Everywhere I look, I see people panicking and dooming out about what’s coming, and to be frank, I feel like they’re overreacting. Just slightly. I mean, just because we now have machines that are actually intelligent and will soon render all our jobs obsolete, doesn’t mean we should panic. Sure, we will soon have humanoid robots walking on our streets, but that doesn’t mean there will be terminators running around, hunting us like rabid dogs… right away. I think nobody can really predict what’s coming. In order to better understand where we are now and what exactly is happening, I think we need to turn back and look for similar examples in our past. They say that those who don’t know history are bound to repeat it (they’re certainly bound to disappoint their history teacher).
Time and time again, as some new disruptive technology was introduced to the masses, people begun panicking for no (apparent) reason. Our historical annals are filled with examples of dark predictions. One such example is from the industrial revolution. Back in the 19th century, there was a widespread belief that women should not travel at speeds exceeding 50 miles per hour (some still believe this, albeit for different reasons), because the vibrations generated by such high speeds could cause their uterus to dislodge or even fly out. Today, we know that this isn’t true and, in fact, some women actually prefer vibrations caused by high speeds (or otherwise). This is just one of more recent examples. But we can find such examples even before that. Actually, we can find them way back.
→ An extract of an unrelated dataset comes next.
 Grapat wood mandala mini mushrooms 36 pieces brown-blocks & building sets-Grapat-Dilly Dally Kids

Maybe you’ve heard about Socrates, the famous wise man who lived almost two and half thousand years ago in ancient Greece. He was a teacher of Plato who was in turn a teacher of Aristotle — both very terrific guys. Socrates is widely considered as one of the most influential figures in history. Even back then, many considered him to be the wisest man alive. Socrates was old school through and through, and as such, he wasn’t the biggest fan of writing — the tech that was, at the time, comparable in advancedness to computers or smartphones today. He believed that writing destroys memory and creates false wisdom. I’m not saying that Socrates was wrong — after all, who am I to call out Socrates — but I think it is safe to say that writing had a net positive effect on humanity. Luckily, and maybe a bit ironically, it is thanks to Plato, his letter-savvy pupil, that we today know about the great Socrates and his timeless wisdom.
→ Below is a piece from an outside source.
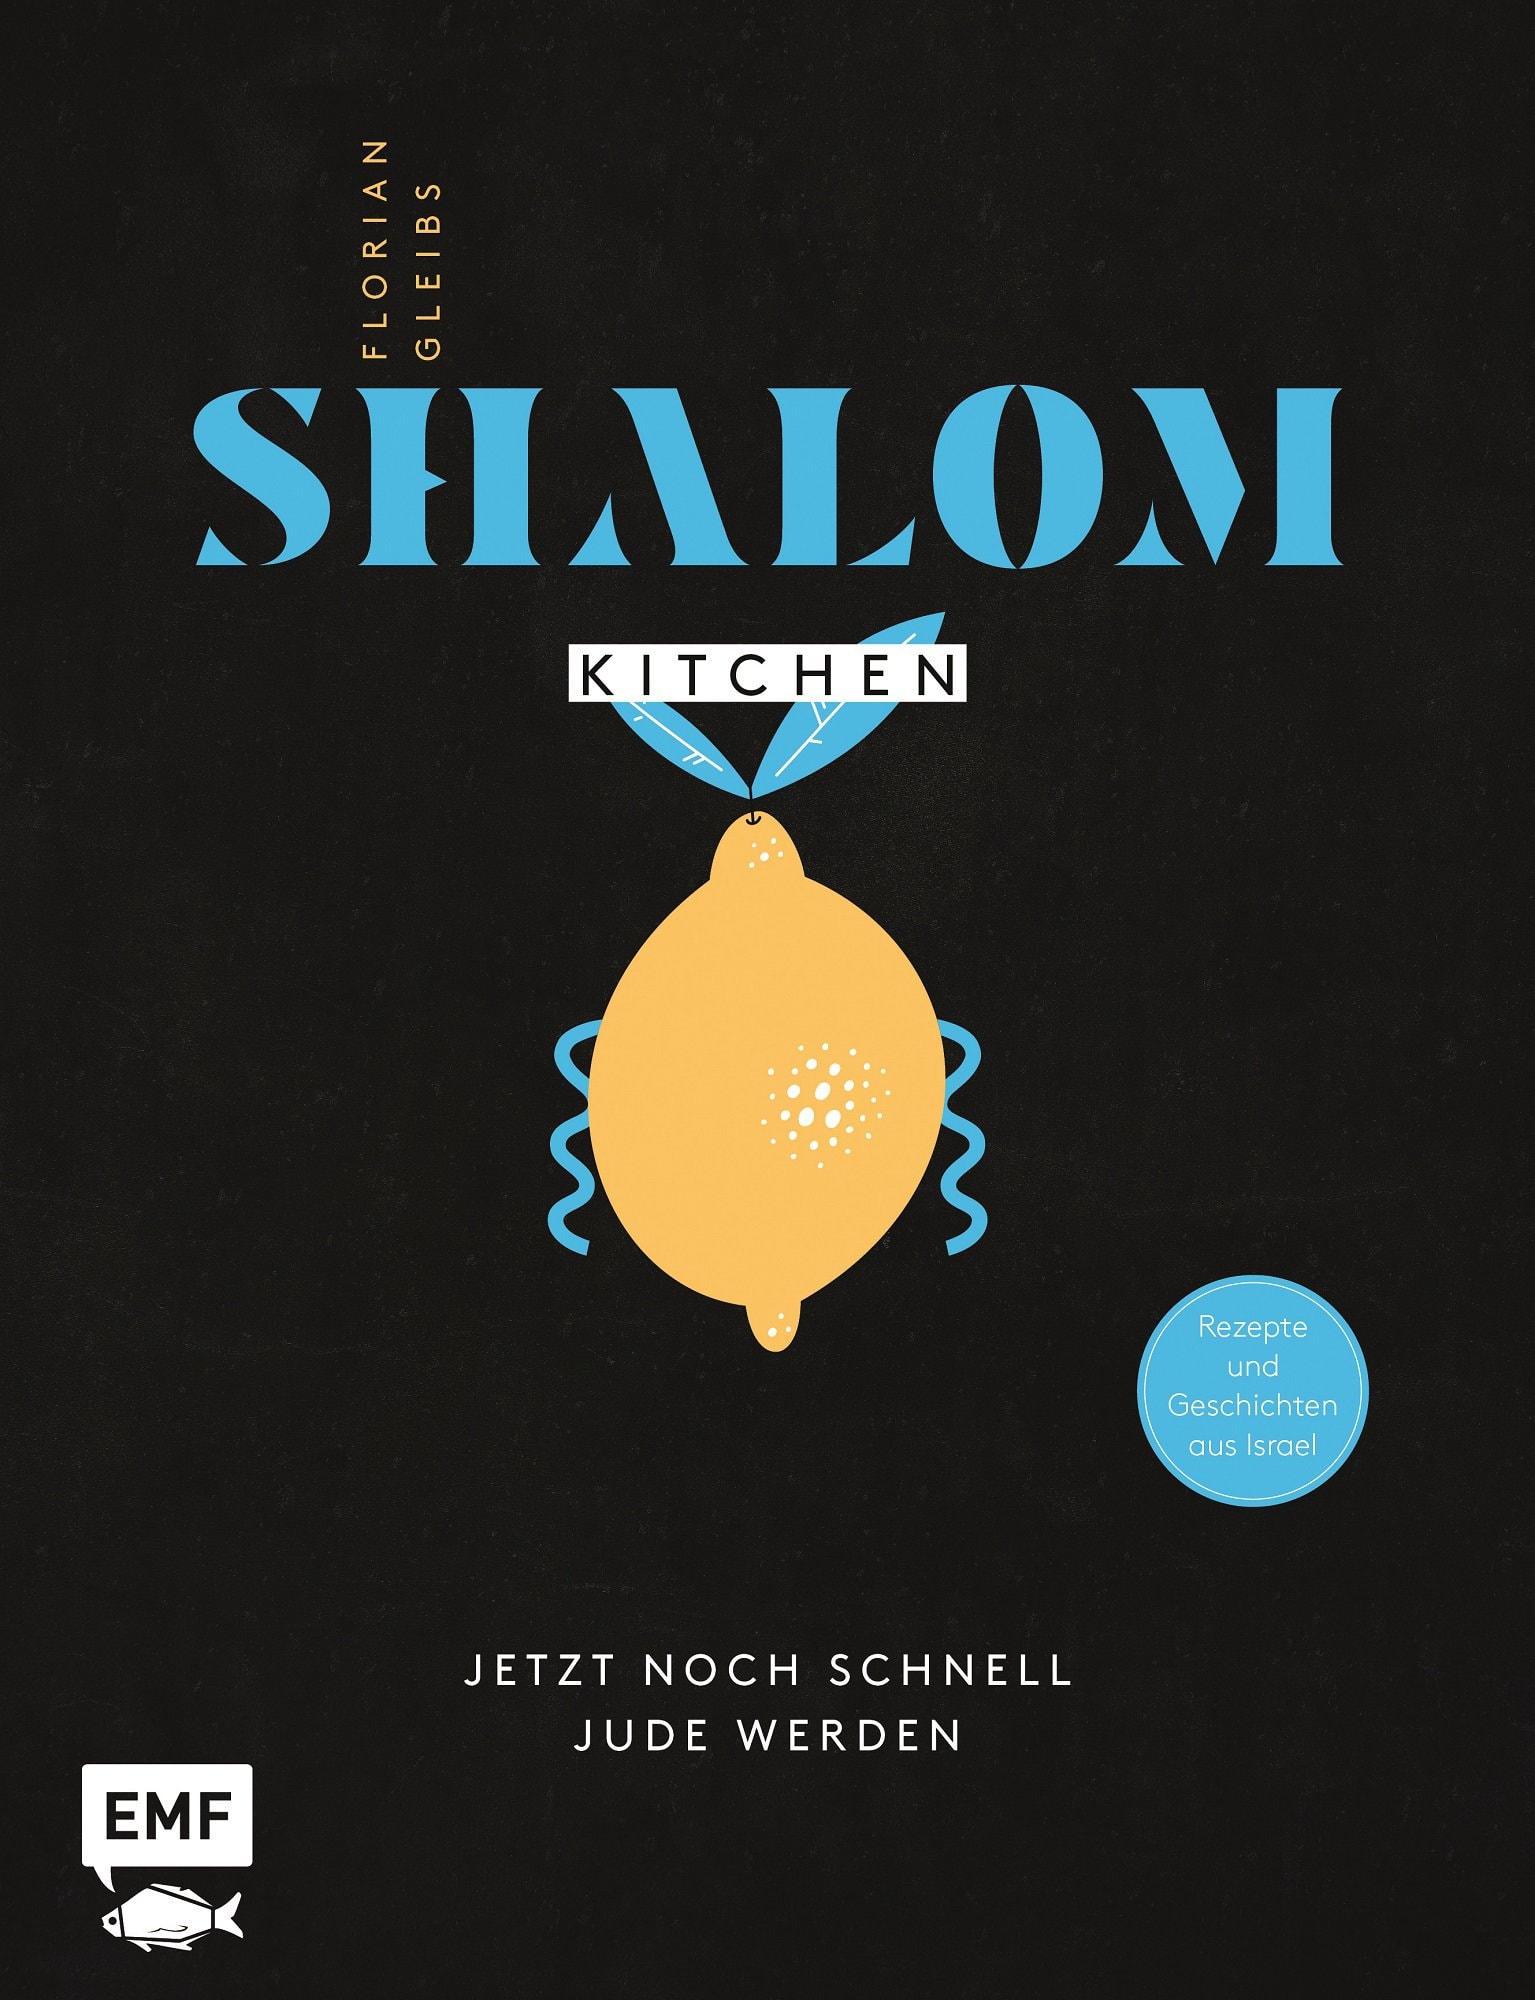 Buchcover "Shalom Kitchen"

For all we know, Socrates was patient-zero of technological doomerism. But writing was only the beginning of advanced, disruptive, and panic inducing technology. With the fall of the Roman Empire, Europe entered the era of technological stagnation, aka medieval period or the dark ages. It is probably worth noting that many contemporary historians completely reject the “dark age” classification. They argue that the progress in this era might’ve been a bit slower, but it didn’t stop. Still, much of what was invented in this period wasn’t as disruptive as some of the other technologies that we will soon discuss.
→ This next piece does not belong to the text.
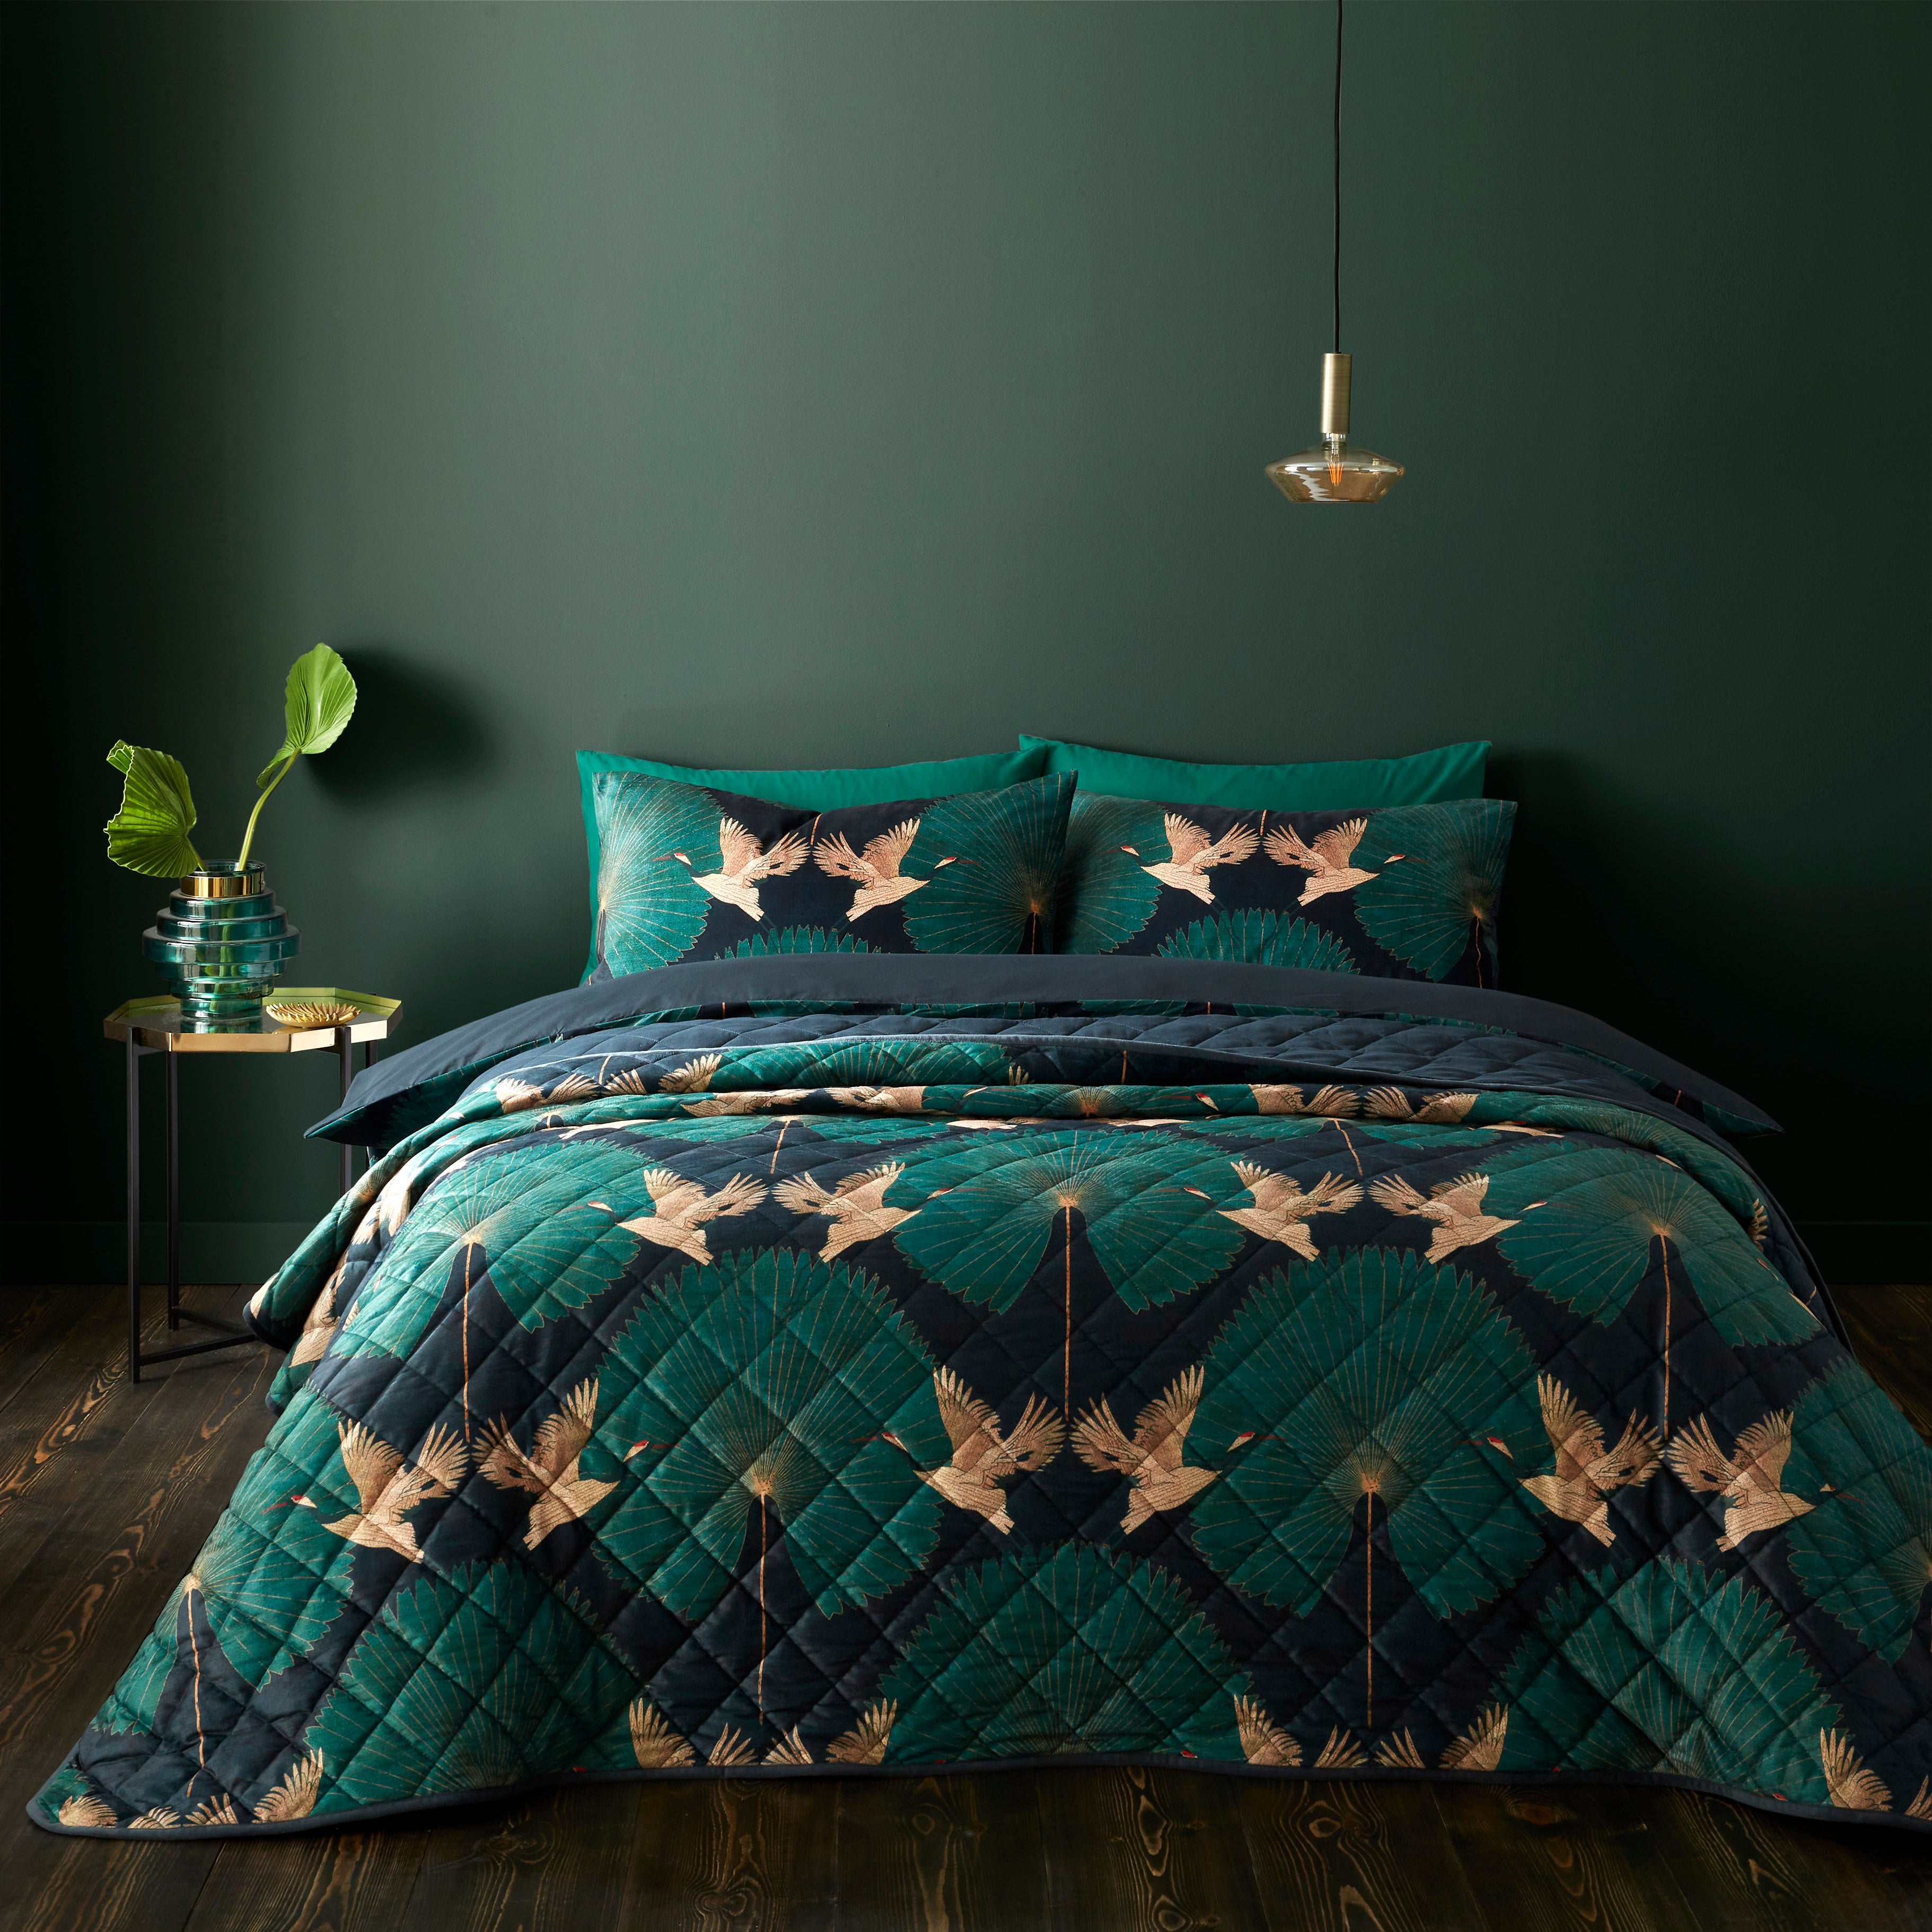 Luxe Cranes Emerald Bedspread Greennavy Bluebrown

Enter Free City of Mainz, Holy Roman Empire, present day Germany. It was exactly the middle of the 15th century. Johannes Gutenberg, a sassy inventor and craftsman from a noble family of merchants had just invented the next big thing — a disruptive device of never before seen proportions, the legendary printing press. Relatively soon, this wonderful new technology spread throughout Europe, which soon led to ‘information revolution’ and made possible the unprecedented spread and adoption of literature.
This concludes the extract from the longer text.